Gold prices surged last week, hitting a record high above $2,180 per ounce, driven by falling U.S. Treasury yields and a weakening U.S. dollar. Analysts attribute the surge to data showing a rise in the U.S. unemployment rate, increasing expectations of a Federal Reserve interest rate cut. Spot gold closed up 0.9% on Friday, ending the week with a 4.62% increase, the largest weekly gain since October last year.
Technical buyers showed interest in gold as prices climbed above $2,100 an ounce, with the U.S. dollar facing selling pressure. Federal Reserve Chairman Jerome Powell’s comments also fueled the rally, as he hinted at a possible rate cut in June. Chinese trade data showing a larger than expected surplus further supported gold prices.

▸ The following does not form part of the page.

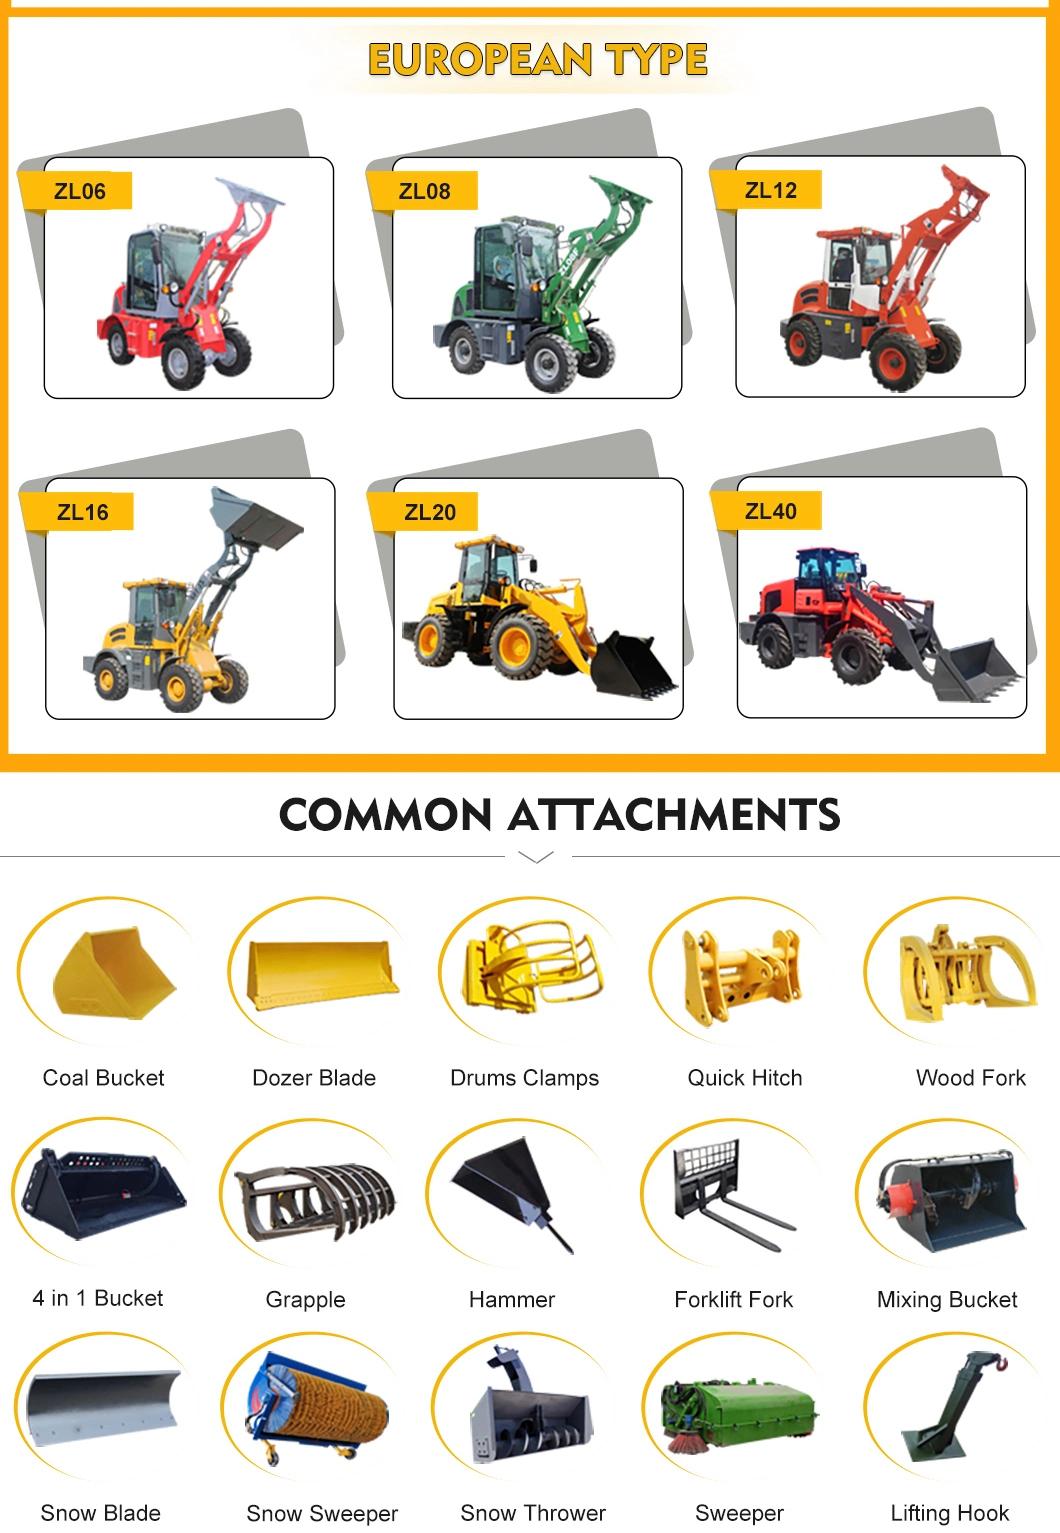 Middle and Small Sized 2ton Wheel Loader Shandong Machinery Co Ltd Loader
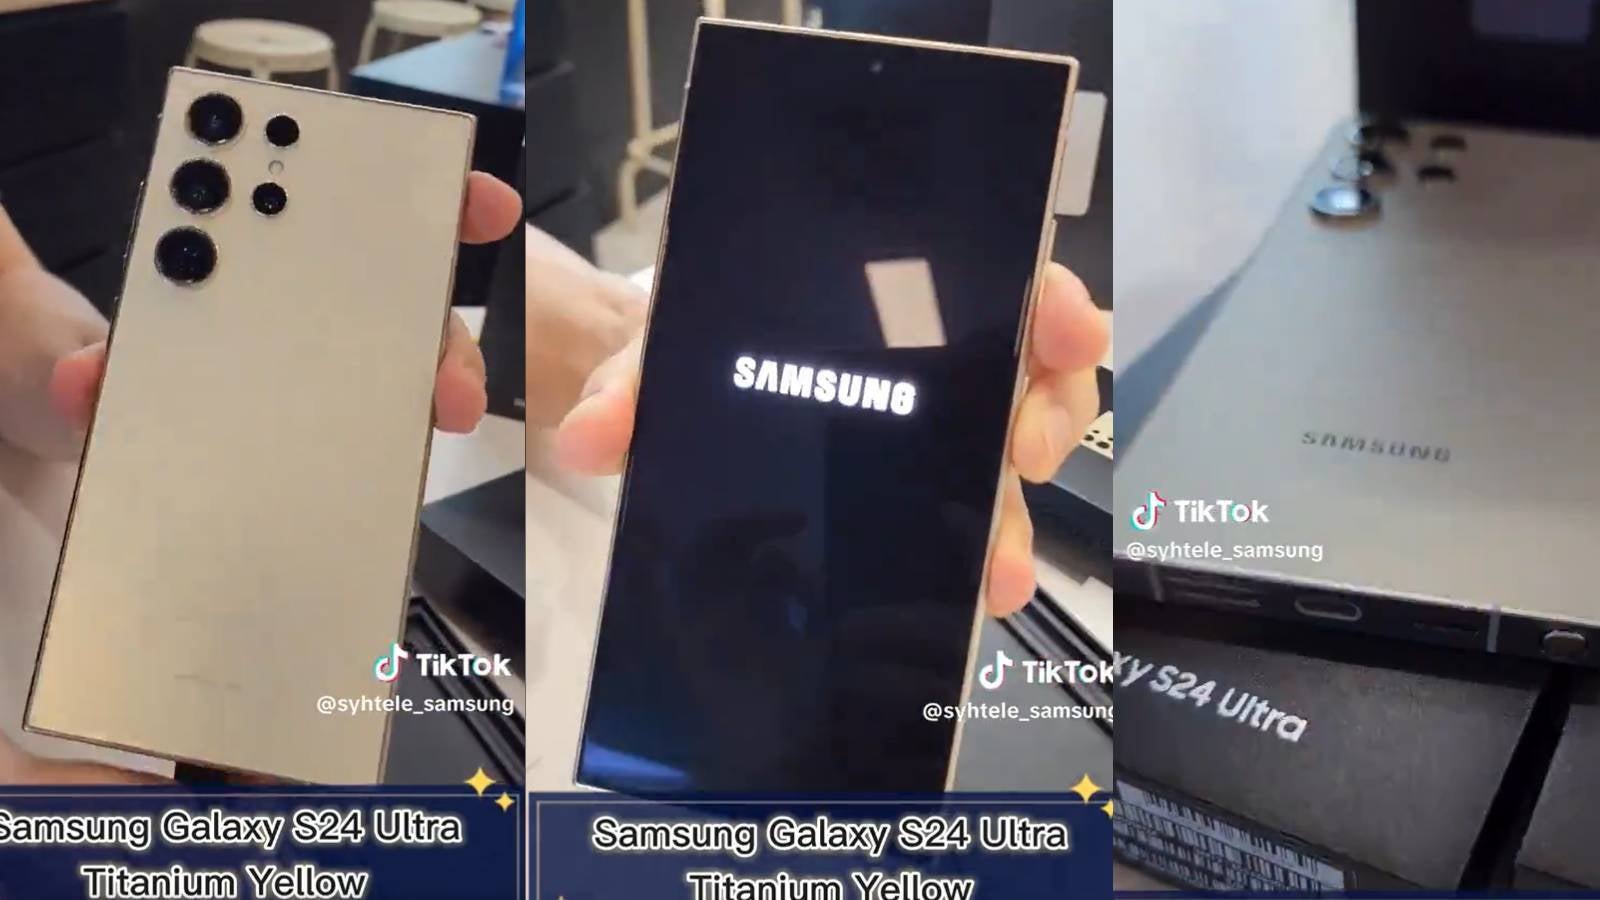 X user is playing with fire as they post Galaxy S24 Ultra unboxing videos in three colors

This week, focus will shift to U.S. CPI data, with expectations of a 0.4% increase in CPI and a 0.3% increase in core CPI. The market is currently pricing in a near 80% chance of a rate cut in June. Investors will also be watching for February retail sales and industrial output data later in the week.
Despite gold’s overbought status, analysts believe that $2,200 per ounce may act as psychological resistance. Spot gold is currently trading around $2,177.65 per ounce, with uncertainty surrounding how the upcoming data releases will impact gold prices.